The impact of the mass resignations that have beleaguered many businesses in the country is starting to impact the succession plan of many commercial banks in the country.
Many Nigerians, in a bid to escape the economic downturn, have opted to relocate from the country to mainly Canada and European countries, a trend that has been termed ‘Japa’. Over the past few months, thousands of Nigerians have left the country as students or found employment outside the country.
These have affected most sectors of the economy, but the banking sector is beginning to feel the effects more. The situation has deteriorated to such an extent that it was raised at the bankers’ committee meeting held in April this year.
In the first six months of this year alone, as many as a thousand bank workers left the country’s shores for greener pastures, most of them middle managers. According to stakeholders and industry observers, this trend poses a threat to the industry.
For example, a major bank in the country, having noticed the trend of resignations, had previously accelerated its promotion process in order to encourage staff to stay. The bank had even increased its package for workers and promoted 450 employees. Unfortunately, less than two weeks after the promotion, more than 150 of the promoters resigned and left the country.
Commercial banks have, for decades now, built a succession plan that consists of training individuals in key positions for the growth and sustainability of the company. However, with the barrage of resignations, there has been increased headhunting among most banks.
Speaking to LEADERSHIP, the President of the Chartered Institute of Bankers of Nigeria (CIBN), Ken Opara noted that the industry is currently suffering from a talent drain. “This year alone, there are a lot of quits and people leaving the industry, especially younger people. The number is quite high.
“You train them and then immediately you train them, they leave the country and then you start again. It’s a real challenge. The banking sector is losing a lot of young people. This affects the attraction of the workforce, especially the younger ones.
“They are moving in large numbers outside the country. We are seeing an attraction of people from outside the industry out of the country and it is the younger people that we are supposed to hand over to after a while. So succession planning is hampered, productivity is reduced because these guys are the next generation of people. It also slows down activity. Opara noted.

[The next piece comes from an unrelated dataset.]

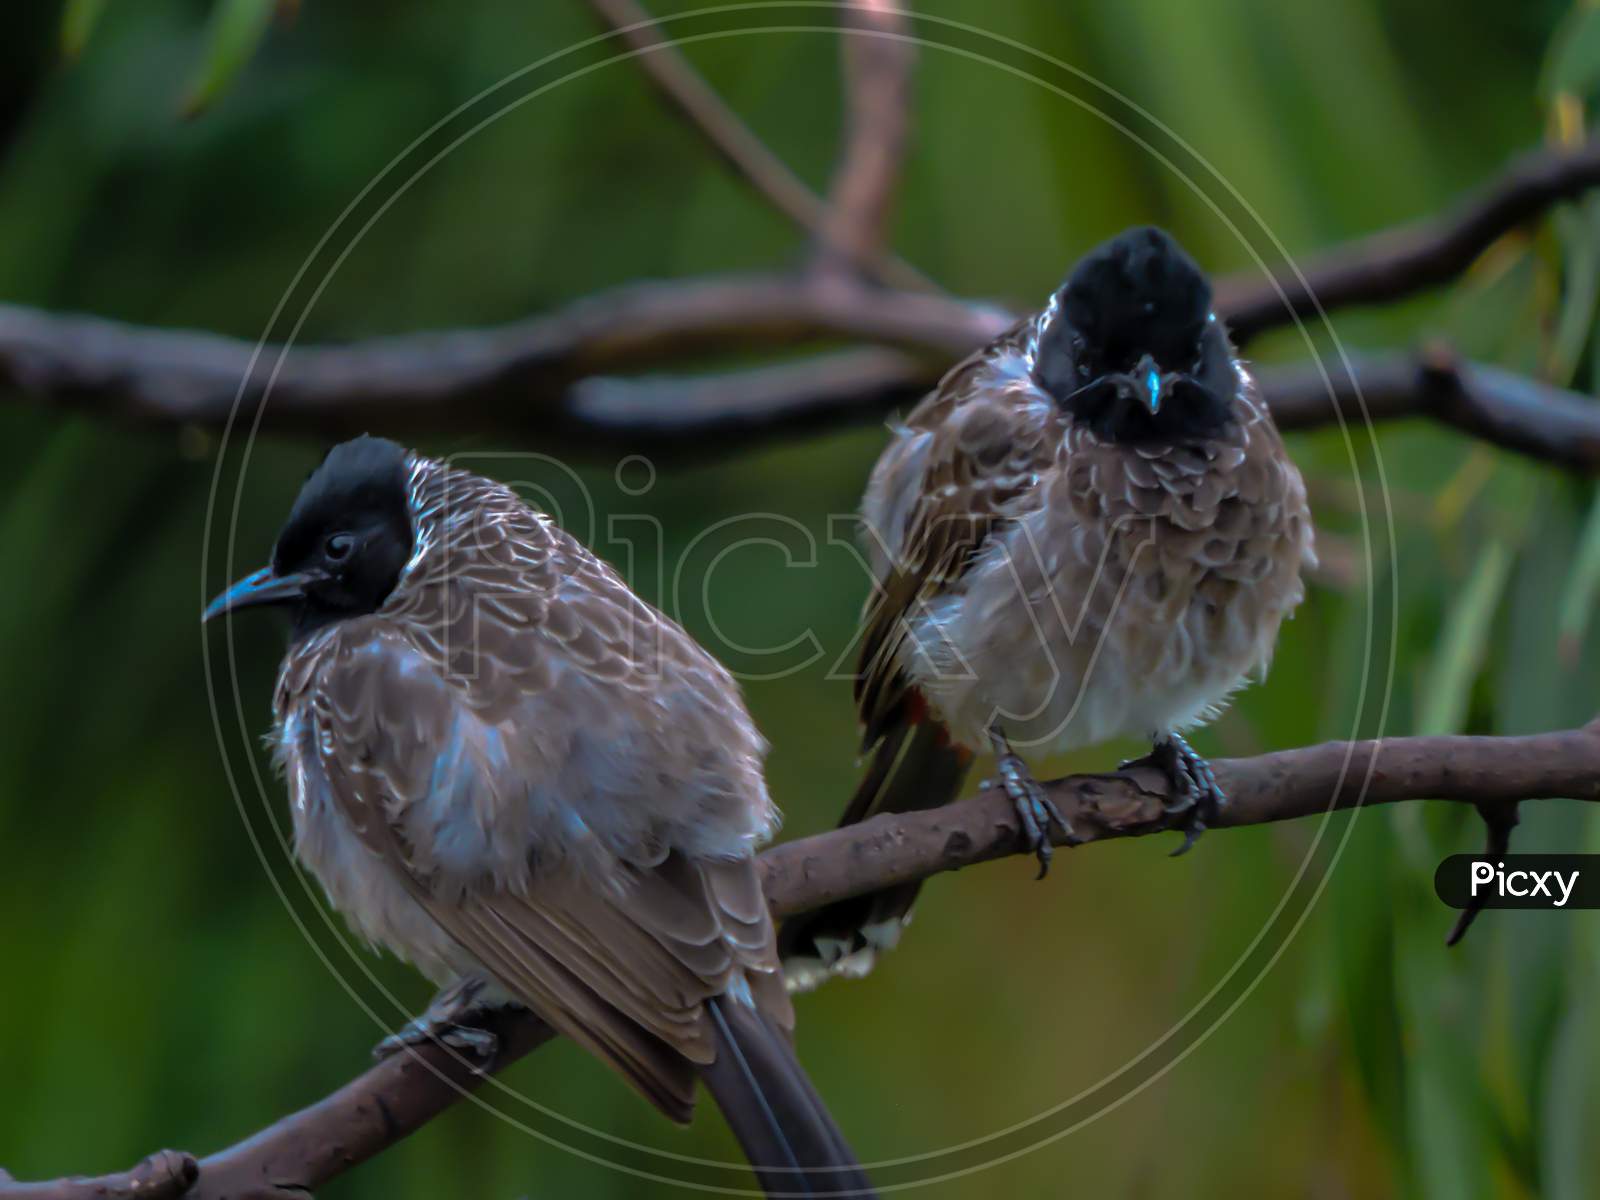 Red Vented Bulbul in Asia during Monsoon on Trees

The CIBN chairman had noted that the talent drain in the sector is “basically because they feel they need an environment where they can guarantee their job security and have a flexible work environment and also the that it is not always necessary to dress officially”. to do your job, you don’t need to wear a suit or tie. Where you don’t necessarily need to be in the office to do your job and can work remotely. It is the concept of remote work that appeals to them.
“The concept of flexible working hours where you can work in one place and other is also what appeals to them. The concept of having to dress casual is also part of what attracts them. Then, of course, the fact that they don’t need to be in any particular place for as long as possible.
The head of financial institutions rating at Agusto & Co, Ayokunle Olubunmi, also claimed that the mass exodus had an impact on the succession plan in the banking sector. “Some banks already have problems with their succession plans, so they make sure that for each role they have two to three people who understand it. So if someone leaves, there is another who takes over. .
“It’s not just the banking industry that’s being challenged, it’s all sectors of the economy, from manufacturing to insurance and the banking industry. The challenge is such that it is not even the lower managers who are leaving, it is the middle managers and even, in some cases, the senior managers. Many companies lose their best hands and even their technical hands.
“As far as the banking sector is concerned, one of the most affected areas is that of technicians. Remember that many banks are going digital. So people are losing their technicians. Unfortunately, it’s not a skill that’s readily available like that. The talent pool is not that vast. The tech guys are moving to Canada and Europe.
“So it affected them significantly. It is so much so that in some banks, departments have lost a lot of their staff. All the banks are concerned and that is why you see them all recruiting. That’s how bad it is. For the banks, they actually have to deal with that, because unfortunately, as a bank, changing the trend is not in their hands. So for the banks now is how you can actually adapt,” he stressed.